The people of Australia would receive considerable benefits from a policy of peace and disarmament. Conversion programs would release funds to provide thousands of additional jobs in areas of human and environmental need. The “peace dividend” would provide major financial resources to satisfy the needs of the people for jobs, housing, education, health, environmental protection, culture and leisure. Living standards could be dramatically improved.

Improving regional security must include measures to achieve peace and disarmament, improve political relations and establish just economic relations between states and to benefit the human conditions of the people.

To achieve this will require a prolonged, determined and united struggle against vested economic, political and military elites and particularly against the influence of the United States in our region. Winning each of the goals set out below will mean both a victory in and a strengthening of the overall anti-imperialist struggle.

Regional disputes must be settled peacefully without prejudice to the security and national independence of any state in the region. Negotiations and co-operation should replace confrontation and force. There should be no interference in the internal affairs of any country in the region.

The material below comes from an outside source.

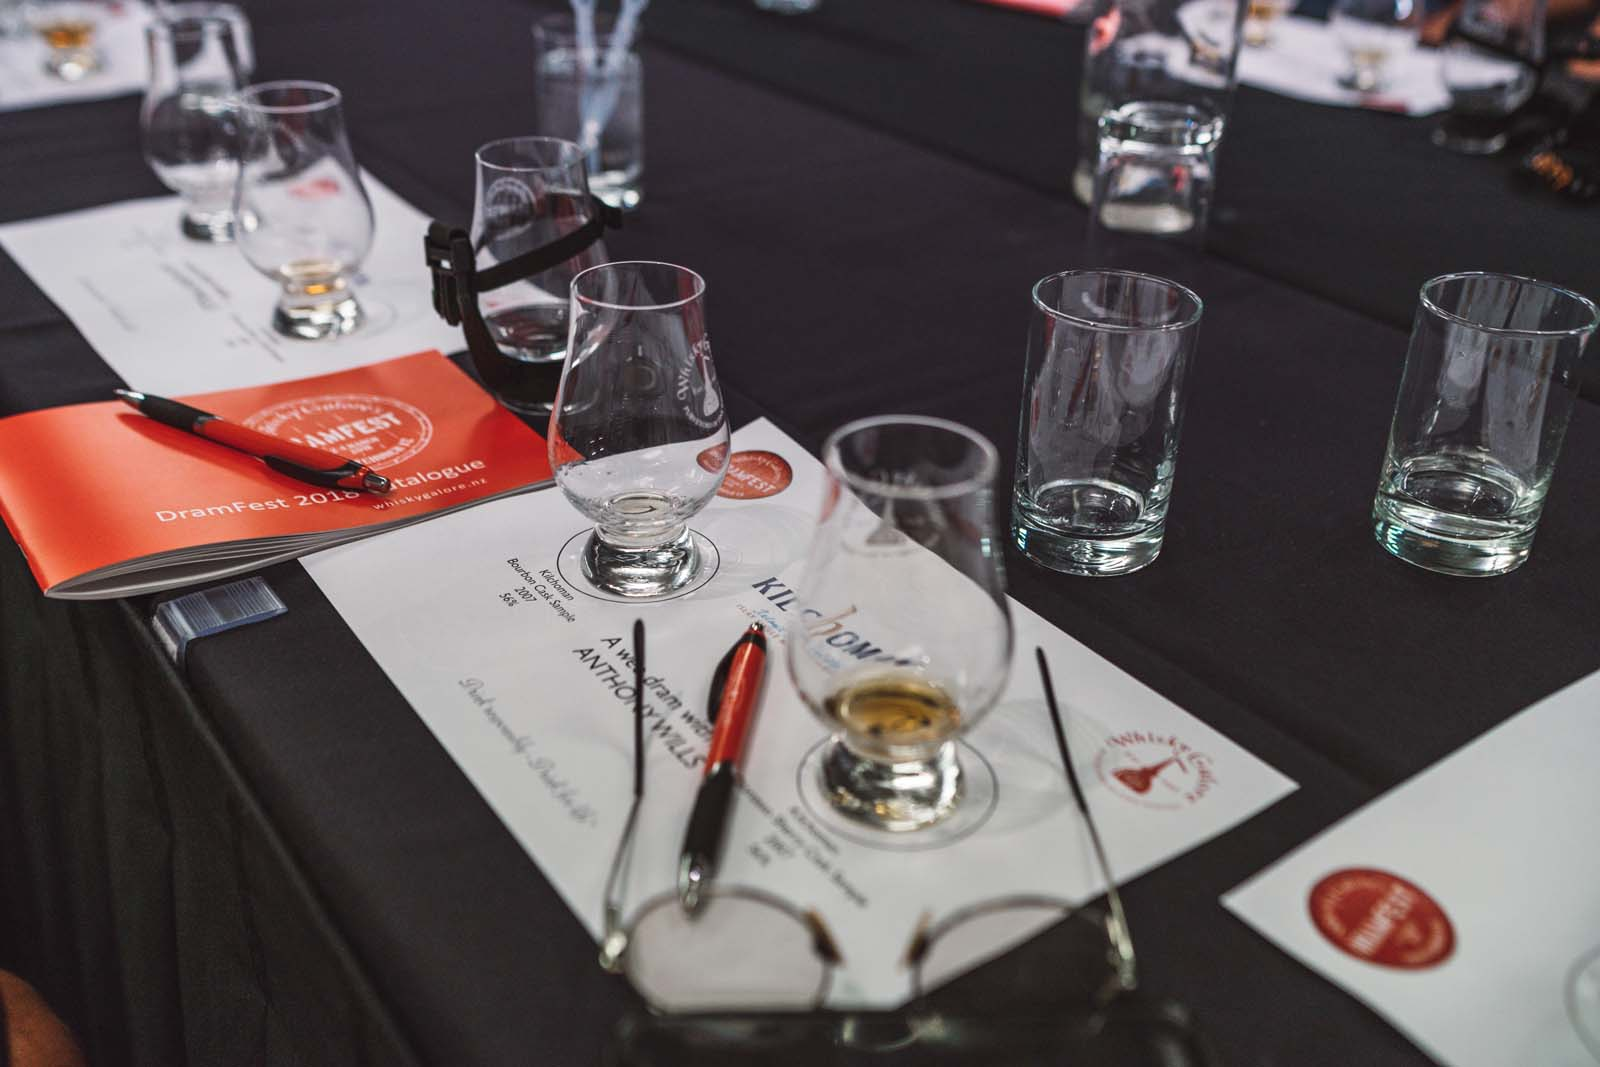 Dramfest 2018 for Whisky Galore-434.jpg

No country should remain under the effective colonial control of another. The rights of all indigenous peoples should be respected. Political, racial and religious discrimination should be abolished.

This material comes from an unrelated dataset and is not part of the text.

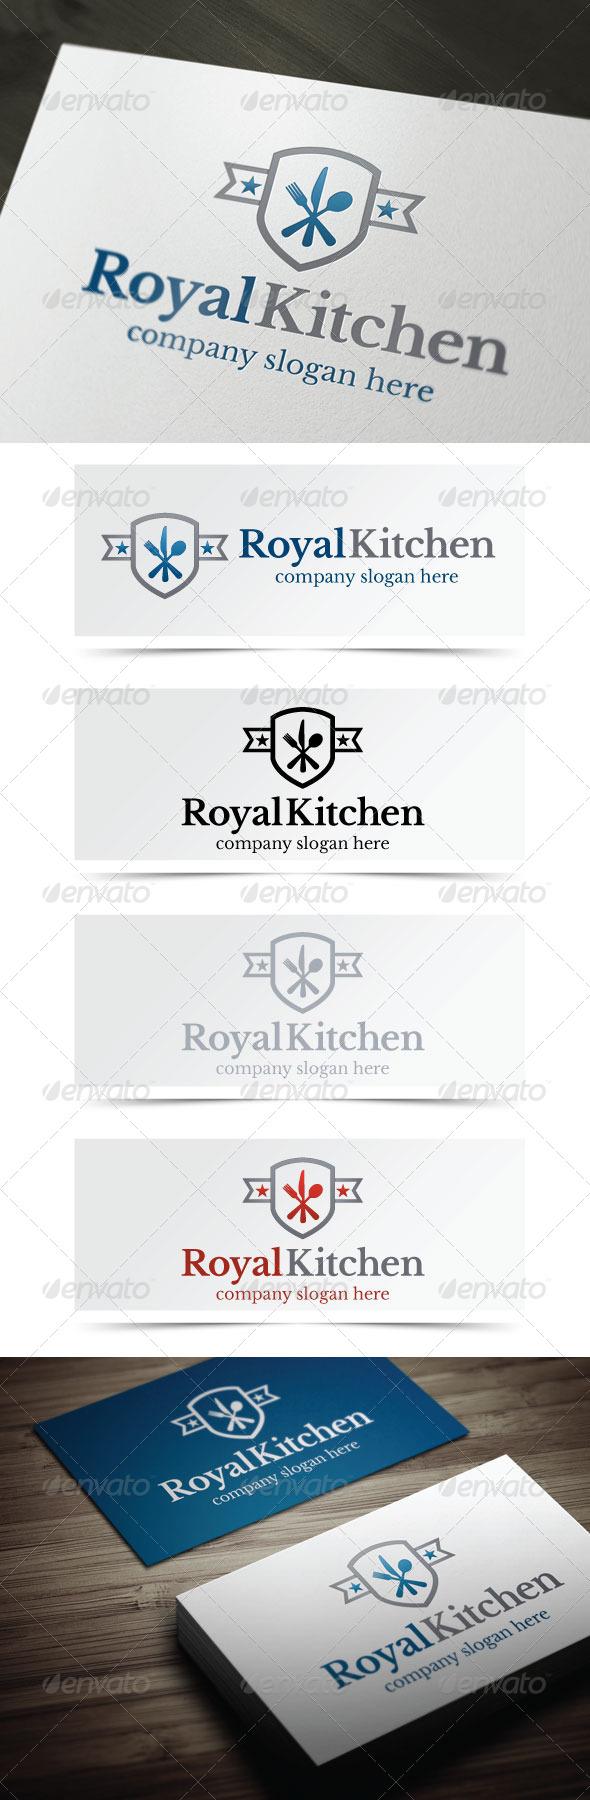 Royal Kitchen - Food Logo Templates

Collective security arrangements from which no country is excluded should replace the alliances which embroil the region in conflict. The arrangements should bind all countries to mutual non-aggression. Until these new arrangements are possible, no new alliances should be formed and existing ones should not be expanded.

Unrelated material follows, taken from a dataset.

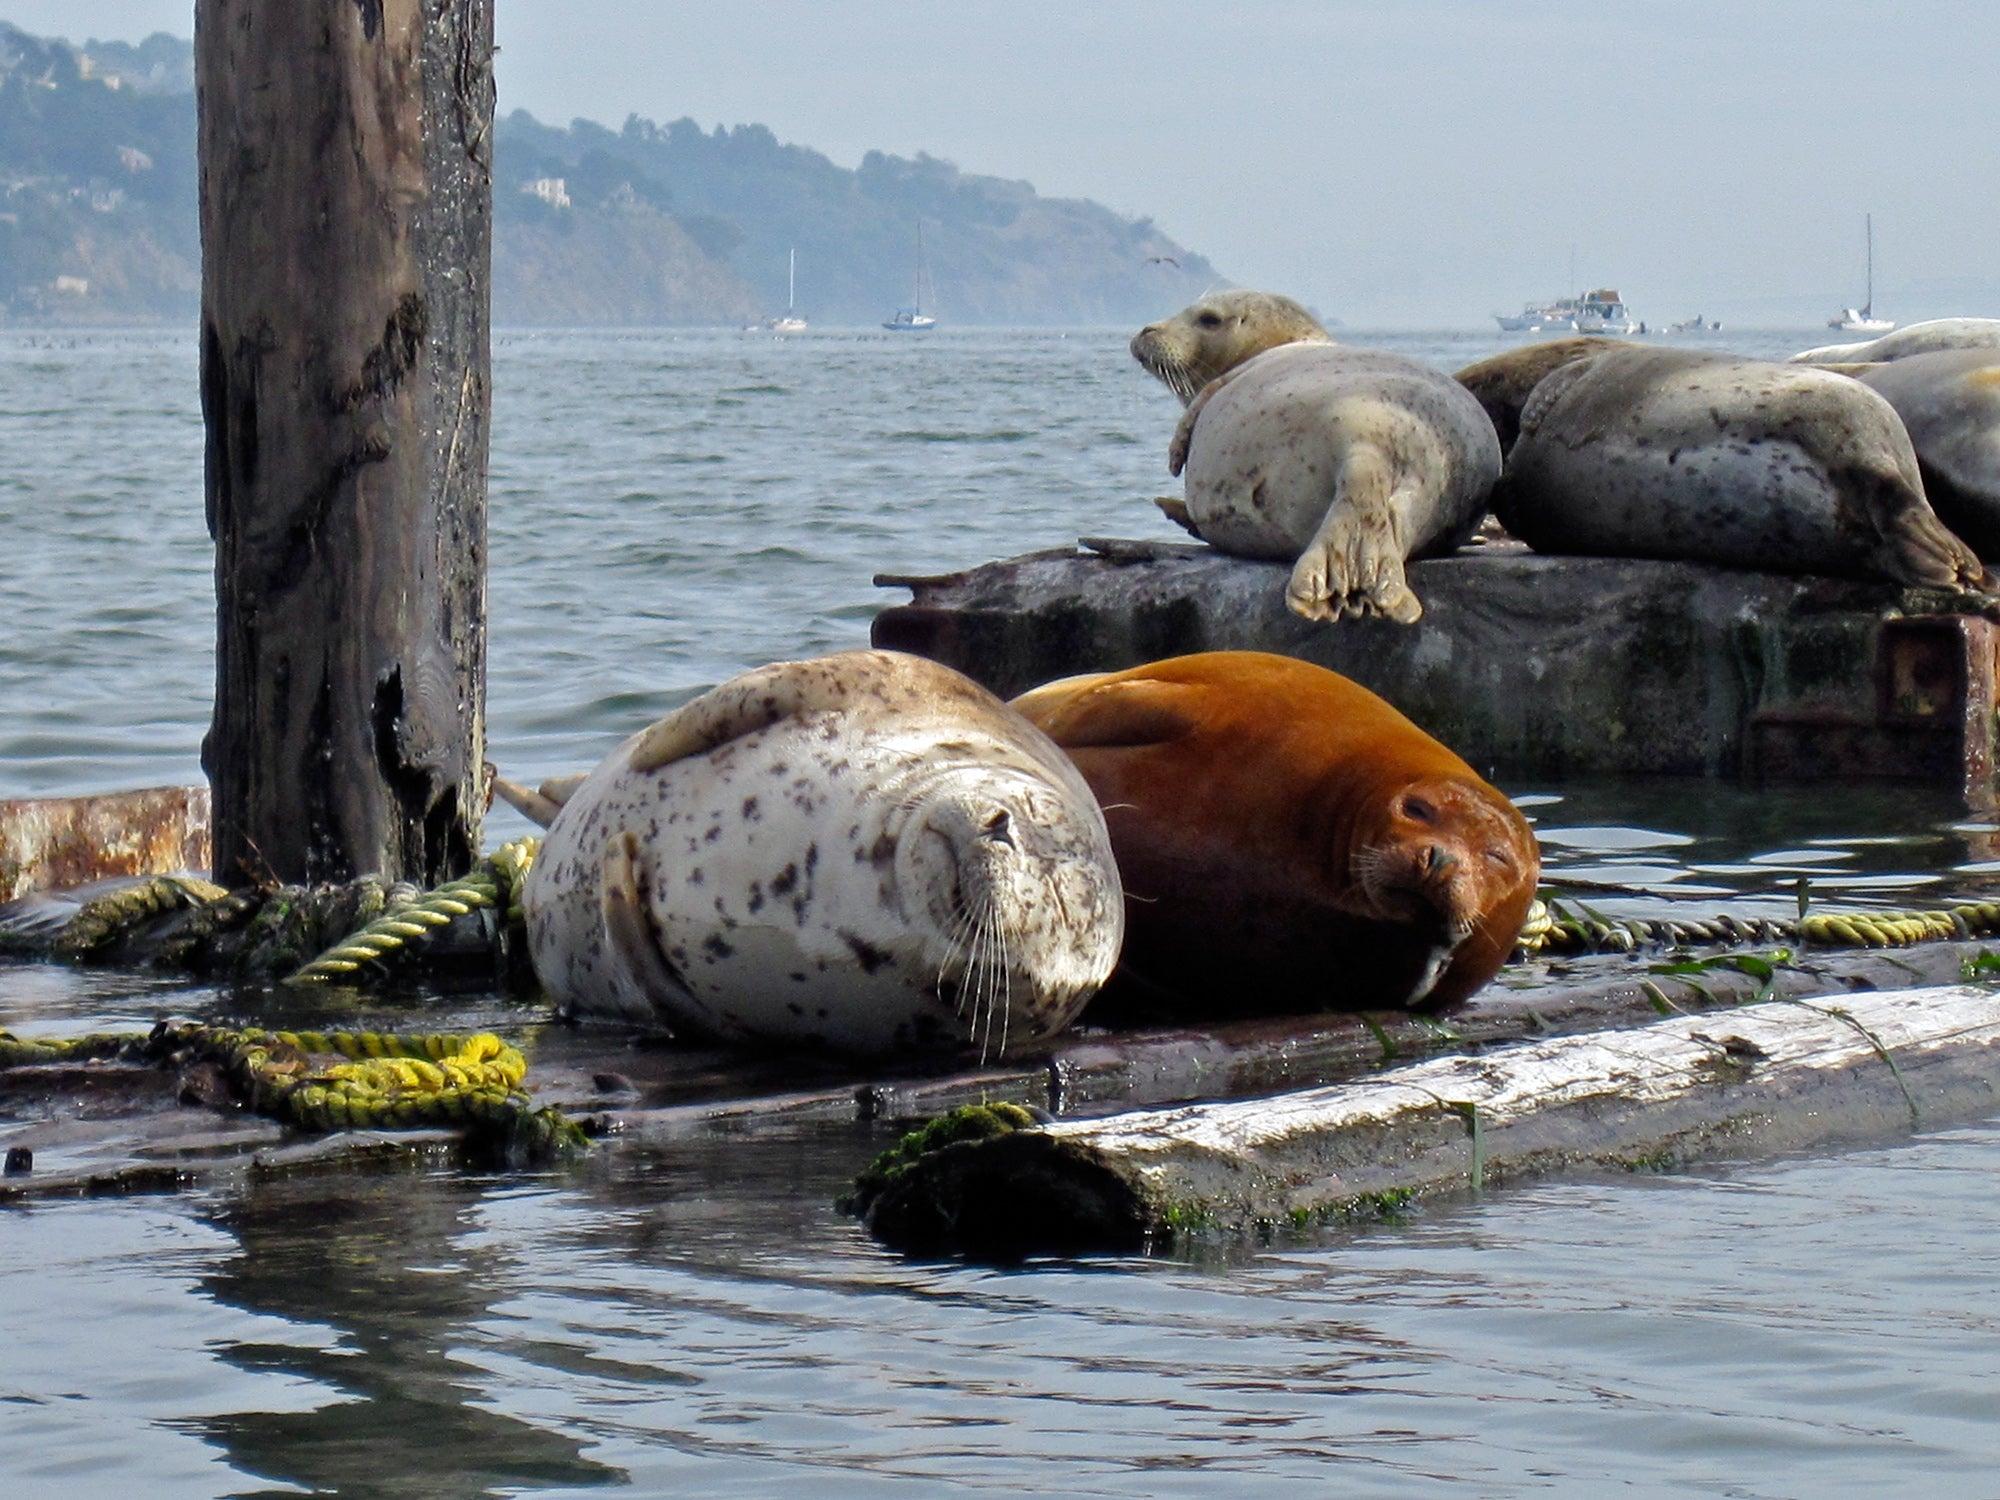 Harbor seals in Sausalito

As countries in the region reduce their military expenditures, part of the funds released should be made available for assistance to the least developed countries in the region. Equitable economic relations should be put in place and an end made to discriminatory trade terms, tied aid packages, and the smothering demands of foreign debt repayments.

As a vital part of the disarmament process, the region needs to be made free of nuclear weapons and their support systems and bases. Reliable and effective nuclear-free zones need to be set up, with guarantees from the nuclear weapons powers. There need to be strong barriers to the further proliferation of nuclear weapons in the region.

All other forms of military presence in the region need to be reduced. Naval and air forces, non-nuclear ground forces, all should be the subject of negotiated reductions. All possible confidence-building measures should be explored to help bring about these reductions.

No country should possess more military force than is necessary to defend its territory against likely military threats. No country should be in a position to threaten the territory of other states. All countries should agree not to introduce new weapon systems into the region.

Non-aligned and independent

In Australia itself, the Federal Government must adopt a policy which is non-aligned and independent, based on peaceful co-existence and relations of equality, respect, friendship and mutual benefit with all other states and including a determined commitment to solidarity with other movements for peace, national independence and justice.

Australia’s military capability and doctrines must be changed so that, although capable of defending its own territory against likely military threats, it is not in a position to threaten the territory of other states.

The country’s military budget must be cut, US military-related bases on Australian soil removed, the visits of foreign warships and military aircraft banned, the sharing of Australian-gathered intelligence with other aggressive powers ended, armed units explicitly intended for overseas service like the Operational Deployment Force and the Special Air Service disbanded, and the supply of military equipment and the provision of military training to or joint military exercises with repressive regimes in the region ended.

Legislation must be introduced to give all permanent and reserve military personnel the right to conscientious objection to particular wars or to particular acts in war and to permit the establishment of trade unions within the armed services.